We cannot, after all, teach children everything. There is simply too much it is possible to learn.


I certainly learned such thinking in school - it's called studying literature. One must understand something to truly reject it.


I don't understand why you would teach kids "computational thinking" instead of just teaching them "programming".


Those two things are the same in the context of this article, computational thinking is what you get when you learn to program. "Seymour Papert may have been the first to use the term computational thinking in 1980, when in his book Mindstorms he described a mental skill children develop from practicing programming."

The author is questioning whether teaching programming really is good for anyone besides future programmers.


This is not the case. Many believe that CT is a way of thinking that can be completely separated from programming, and taught as an independent thinking skill.

For instance, the article talks about the problems is assessing CT. There is no such problem in assessing programming, just ask someone to solve a problem using their preferred language.


(Edit I rewrote this comment considerably to try harder to see and address your point of view, apologies if you read the first draft)

I understand your objection to my first sentence given that the premise of these 'many people' you and the article are talking about is that computational thinking is separable from programming. What I was trying to say in response to the parent comment is that trying to teach programming instead of teaching computational thinking perpetuates the unproven idea that everyone should learn computational thinking slash programming skills. Programming is one way to acquire computational thinking, so if computational thinking is separable from programming, then teaching programming is a narrower more specific approach toward the same goal. And the author questioned the goal.

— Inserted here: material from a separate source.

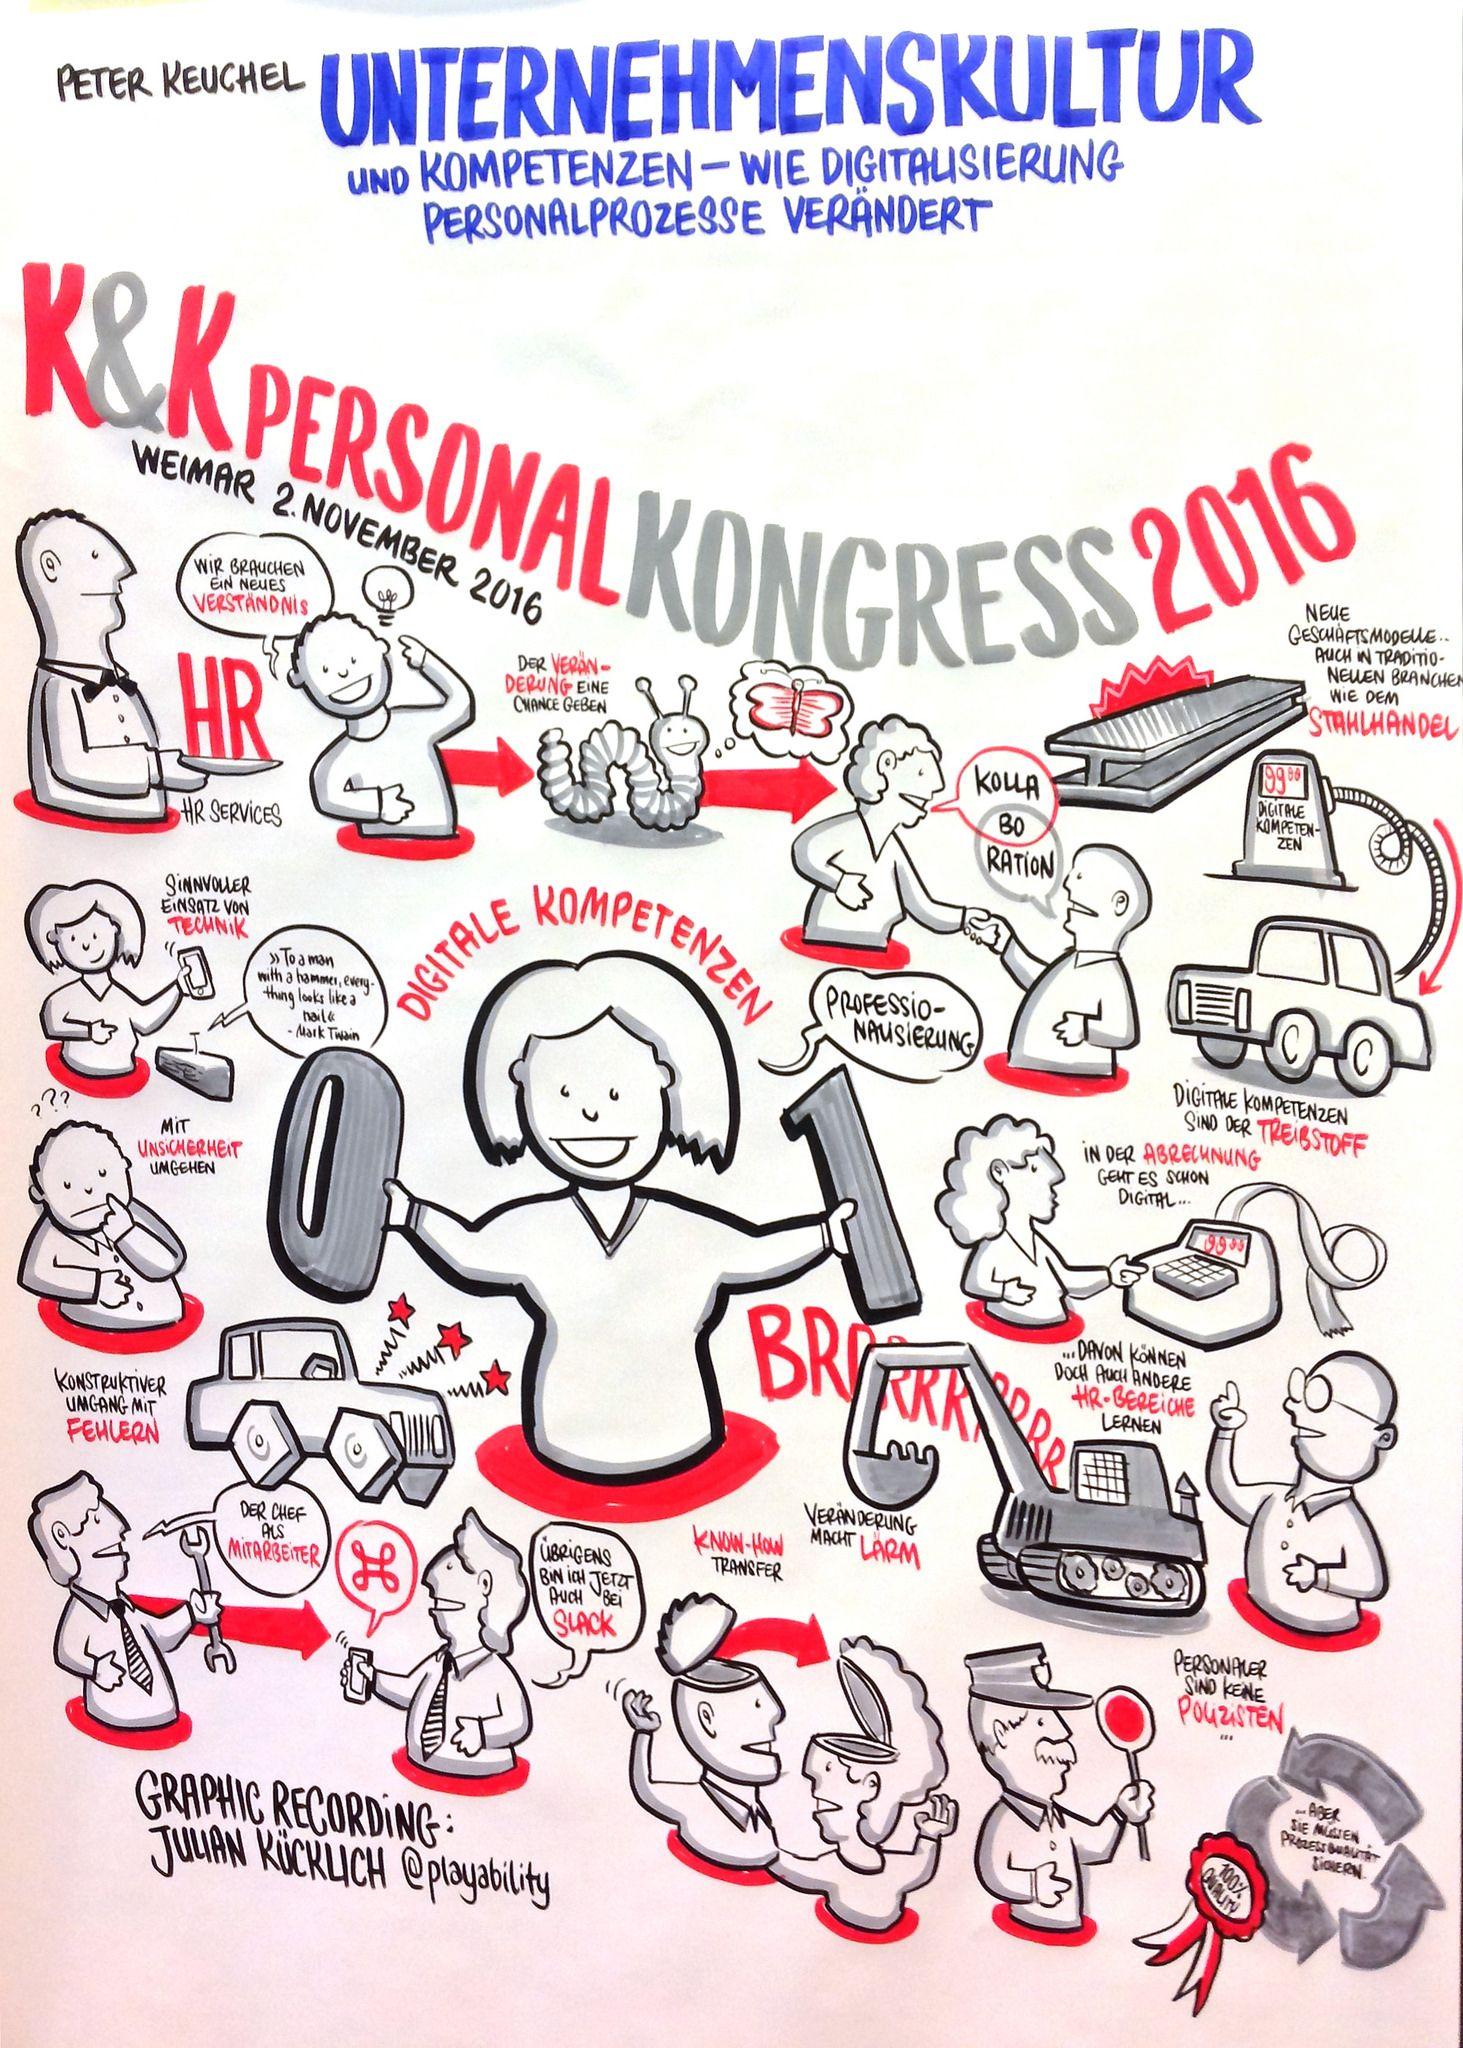 https://flic.kr/p/NCZFKN | K&K Personalkongress 2016 - 3 | www.playability.de

OTOH, I see value in the comment I replied to - I prefer the idea of using a term (programming skill) that people know what it means and both how to teach and assess it. That comment may have been agreeing with the article author that "computational thinking" too vague to be useful in practice.

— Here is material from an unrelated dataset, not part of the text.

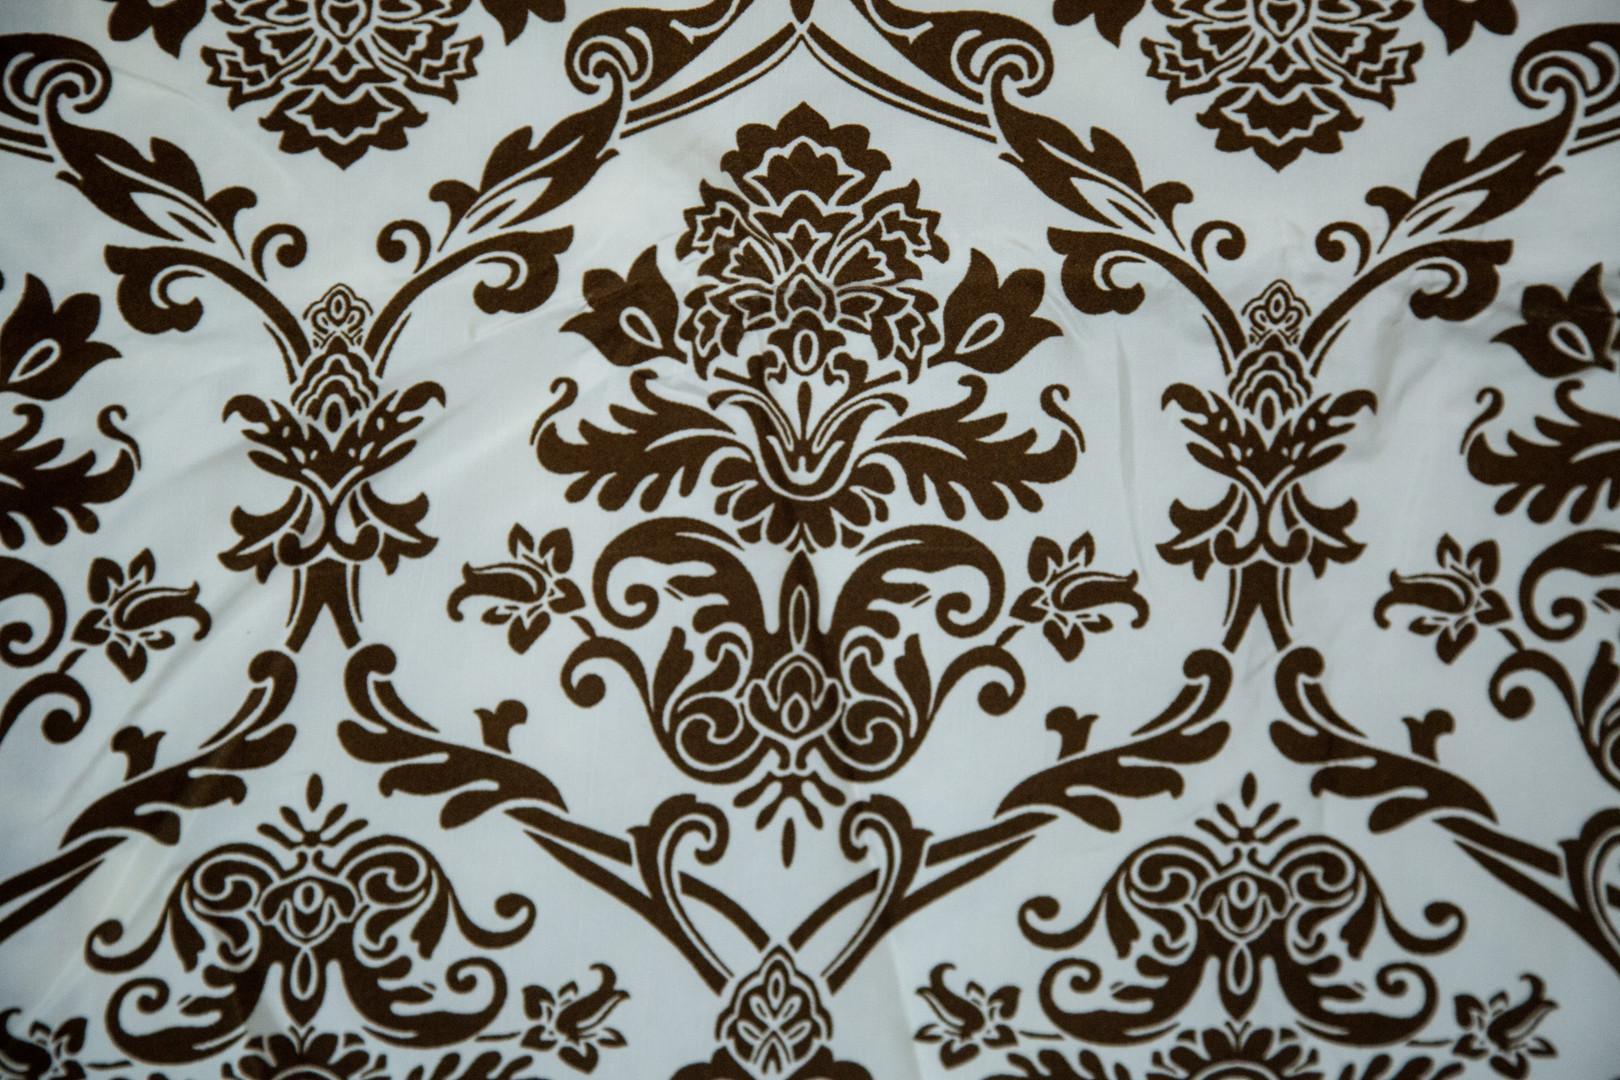 Brown & White Damask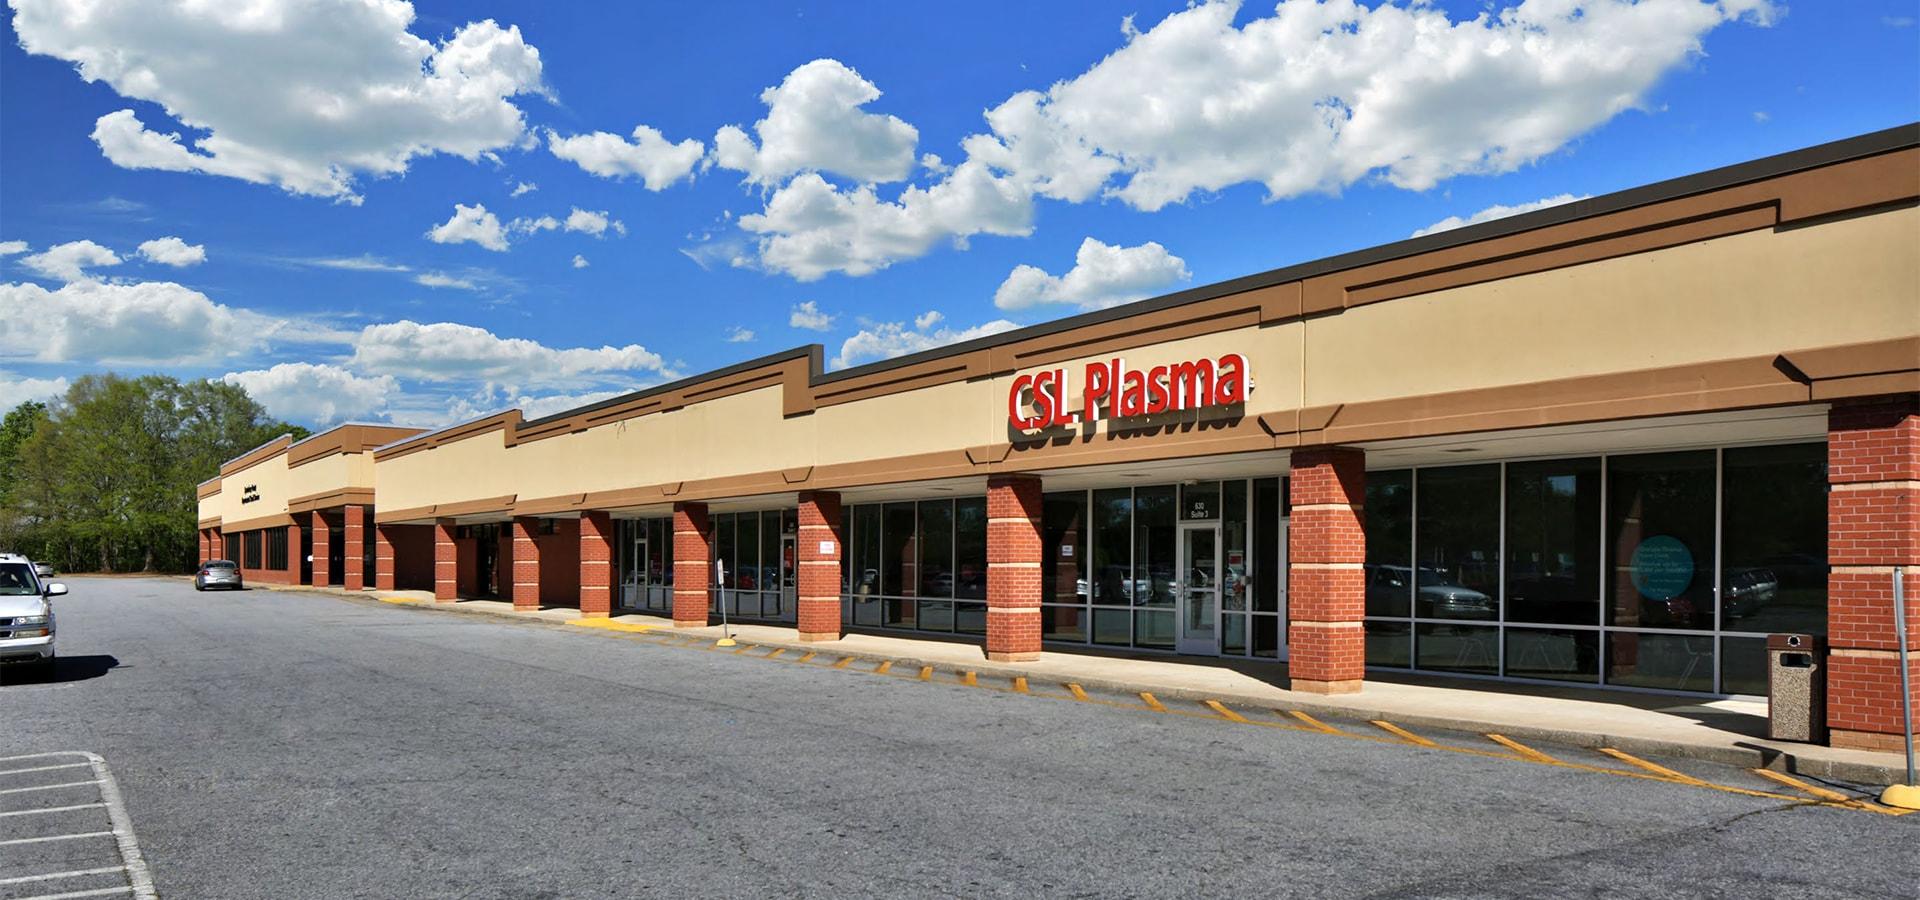 Beaumont Plaza

Computational thinking is trying too hard to separate itself from programming. We don't know they're separable, and we don't really know how to teach any "thinking" per se anyway. We don't learn "physical thinking" or "language thinking", we learn Physics and English, and (just like in CS) mostly by example.

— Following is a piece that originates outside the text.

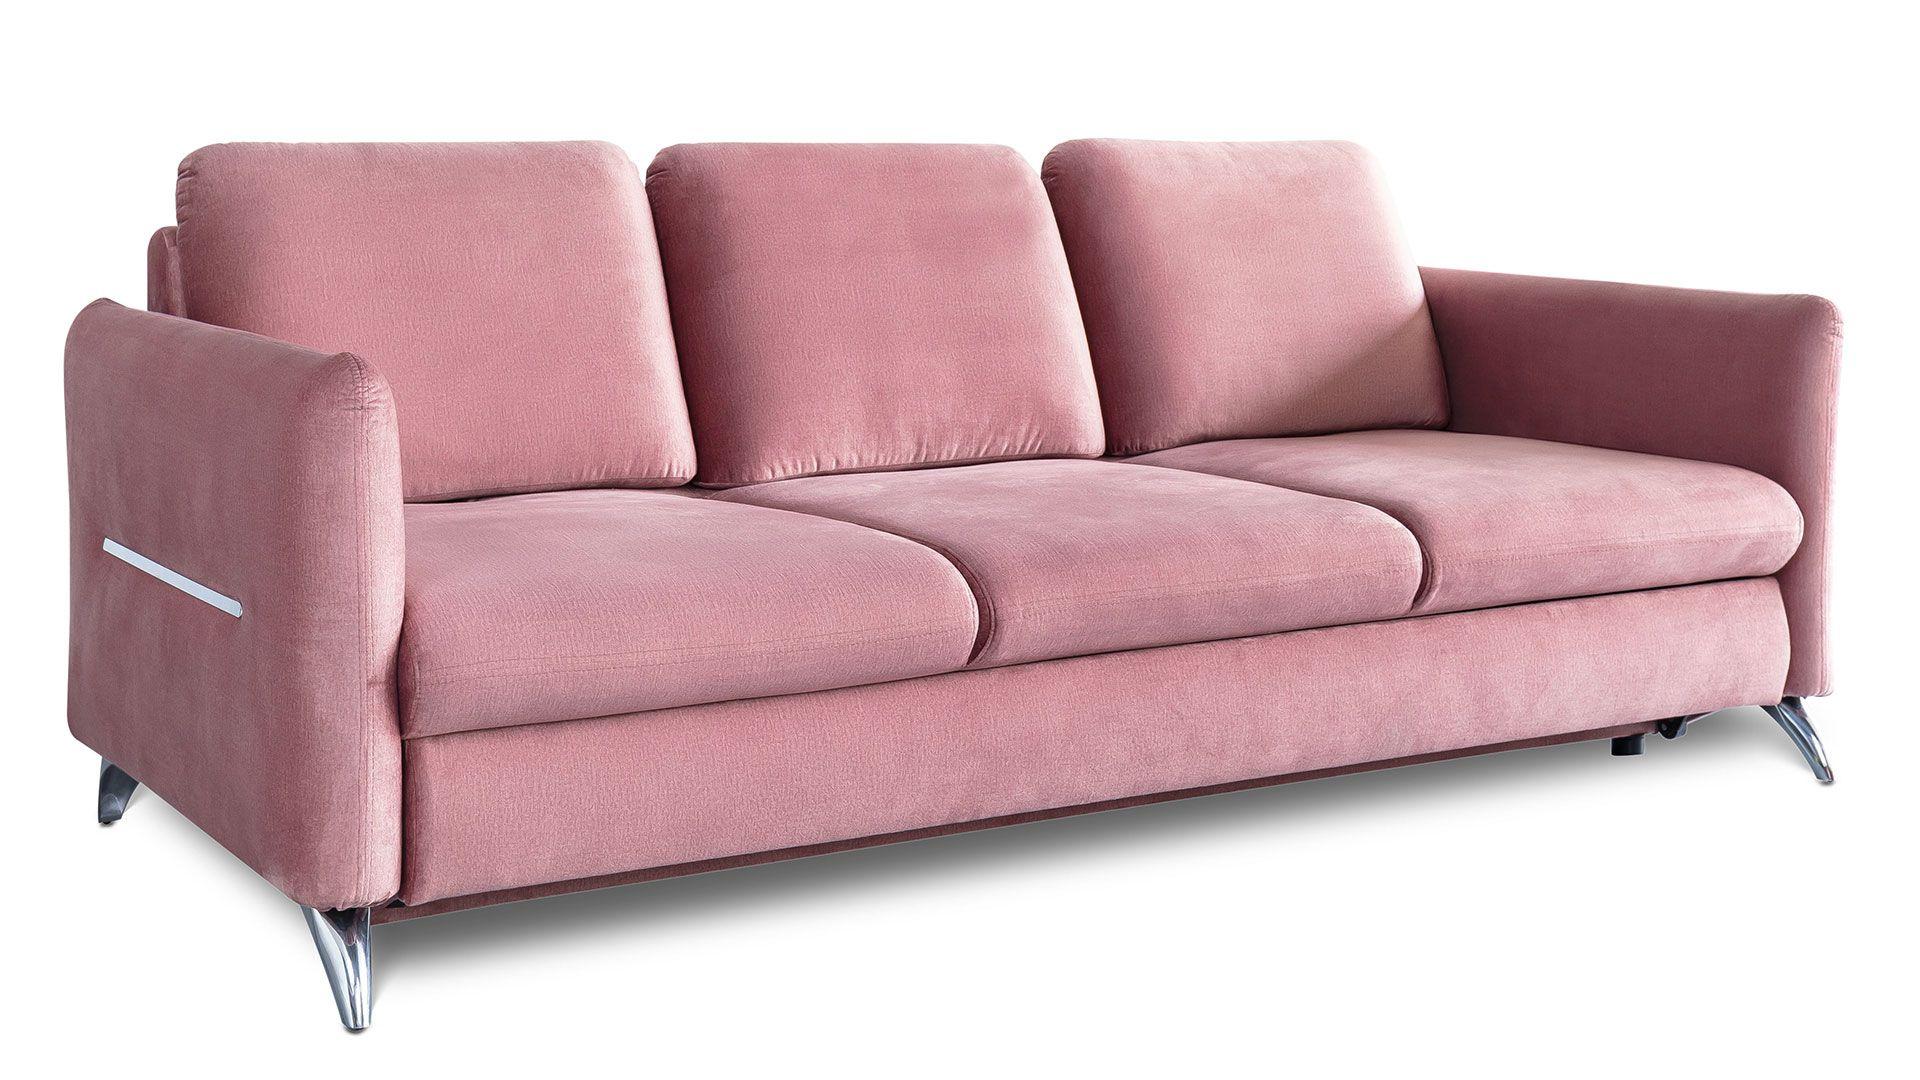 Sofa with sleeping function Tango

The whole reason there's a "problem" assessing computational thinking is that it hasnt been shown to be an independent thinking skill. It hasn't been successfully separated from programming. The only known ways to teach it is to teach programming, and the only known ways to assess it is to assess programming skill.

The quote in my first comment was straight out of the article, and came from the person who ostensibly coined the term "computational thinking", and he defined CT as the skill gained from programming. I'm not saying that computational thinking is the practice of programming, what I'm saying is that computational thinking is acquired mental skills from programming a lot. If there's another way to learn computational thinking, someone needs to demonstrate.

Solving a specific problem using your preferred language isn't what we're talking about, that's not assessing programming skill in general. That would be like suggesting you derive the quadratic formula once in order to assess math skill. To assess programming skill, and to gauge computational thinking, you would need to solve a variety of problems. You might have trouble trying to do it in a single programming language, and it's tempting to think it should be generalizable and you can remove the language part. But it is yet to be shown that this can be done.


Being able to roughly guess an underlying distribution by plotting it is huge. I'd imagine getting good at this from simple sampling would be even bigger.

On that note, anyone have good anki decks for recognising distributions? :)

Edit: I somehow lost the first paragraph I had here... Leaving the post, in case someone wants to answer the distribution question. But, apologies for the not sequitur to get to it. :(


I need to put one of those "deep earning neural networks" to work.